Proving grad operator yields perpendicular vector to contour

[henry wang]

I saw a link on MIT open courseware proving grad operator yields perpendicular vector to contour, but I can't make sense of how dg/dt=0.
Can someone explain to me please.
http://ocw.mit.edu/courses/mathematics/18-02sc-multivariable-calculus-fall-2010/2.-partial-derivatives/part-b-chain-rule-gradient-and-directional-derivatives/session-36-proof/MIT18_02SC_notes_19.pdf

 

[stevendaryl]

I saw a link on MIT open courseware proving grad operator yields perpendicular vector to contour, but I can't make sense of how dg/dt=0.
Can someone explain to me please.
http://ocw.mit.edu/courses/mathematics/18-02sc-multivariable-calculus-fall-2010/2.-partial-derivatives/part-b-chain-rule-gradient-and-directional-derivatives/session-36-proof/MIT18_02SC_notes_19.pdf

If you have a function f(x,y,z), and you have a constant c, then the set of points satisfying f(x,y,z) = c is a two-dimensional surface. So now we let \vec{r}(t) be any path that stays on that surface. In terms of components, if we write \vec{r}(t) = (x(t), y(t), z(t)), then to say that \vec{r}(t) stays on the surface f(x,y,z)=c just means that for all t, we have:

f(x(t), y(t), z(t)) = c

So far, this is just true by assumption. We're assuming that x(t), y(t), z(t) are three functions such that f(x(t), y(t), z(t)) = c.

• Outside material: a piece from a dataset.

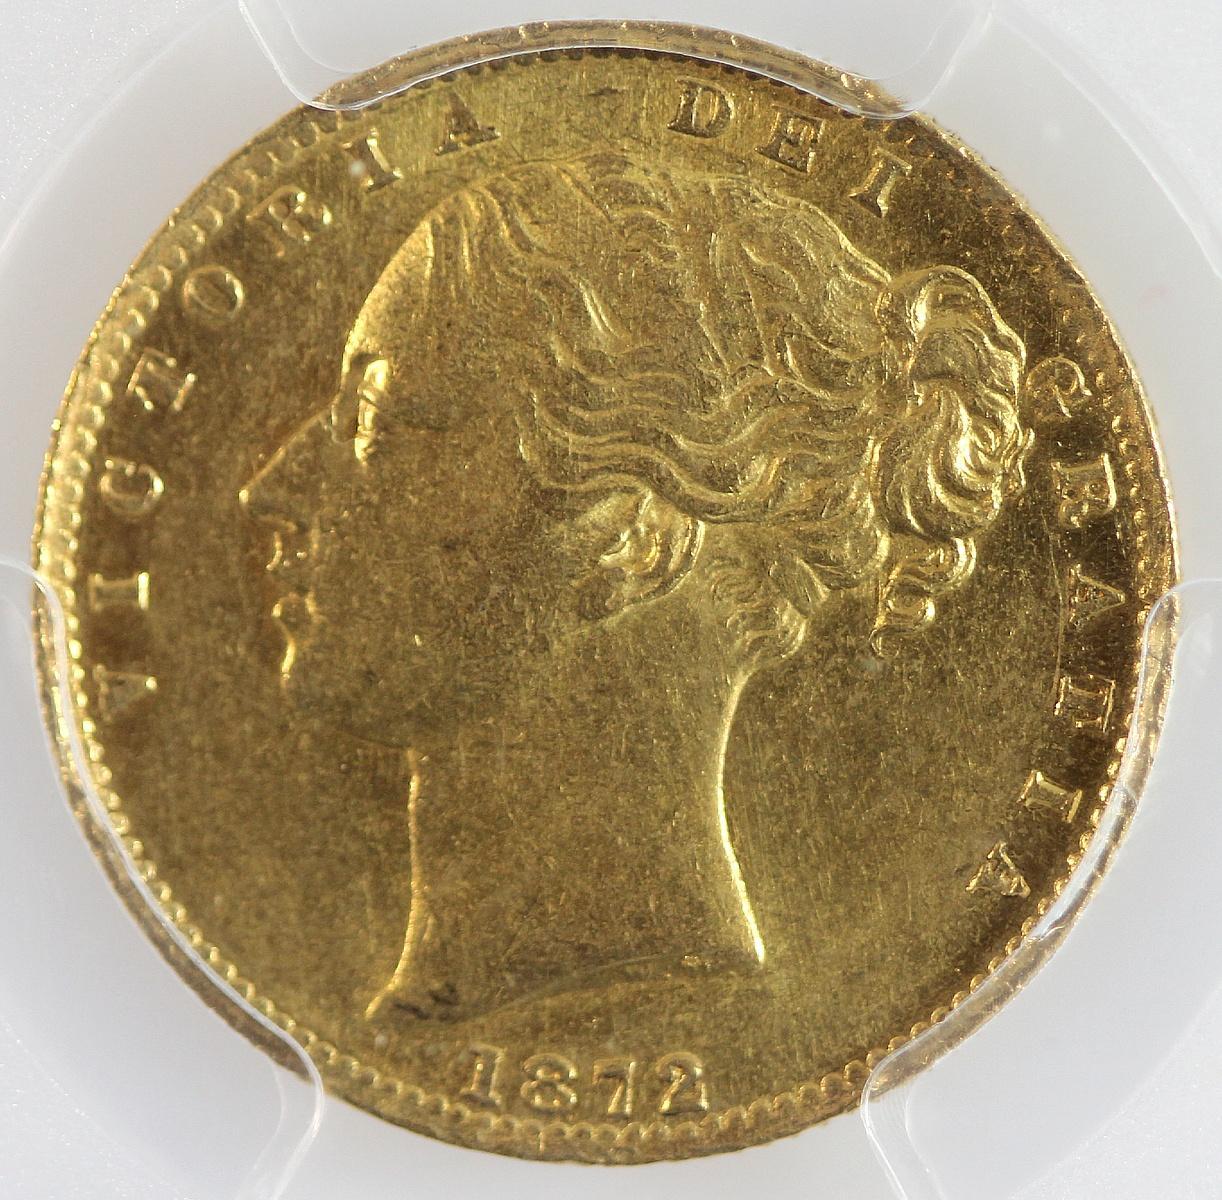 Australia. 1872 M 'Coin Alignment' Gold (0.916) Sovereign, PCGS AU58

Since f(x(t), y(t), z(t)) = c, then it immediately follows that:

\frac{d}{dt} f(x(t), y(t), z(t)) = \frac{dc}{dt} = 0

All they're doing is defining f(x(t), y(t), z(t)) = g(t). That's just the definition of g. So it immediately follows that \frac{d}{dt} g(t) = 0.

 

[henry wang]

If you have a function f(x,y,z), and you have a constant c, then the set of points satisfying f(x,y,z) = c is a two-dimensional surface. So now we let \vec{r}(t) be any path that stays on that surface. In terms of components, if we write \vec{r}(t) = (x(t), y(t), z(t)), then to say that \vec{r}(t) stays on the surface f(x,y,z)=c just means that for all t, we have:

f(x(t), y(t), z(t)) = c

So far, this is just true by assumption. We're assuming that x(t), y(t), z(t) are three functions such that f(x(t), y(t), z(t)) = c.

Since f(x(t), y(t), z(t)) = c, then it immediately follows that:

\frac{d}{dt} f(x(t), y(t), z(t)) = \frac{dc}{dt} = 0

All they're doing is defining f(x(t), y(t), z(t)) = g(t). That's just the definition of g. So it immediately follows that \frac{d}{dt} g(t) = 0.

Thank you very much, that make a lot of sense, I understand now!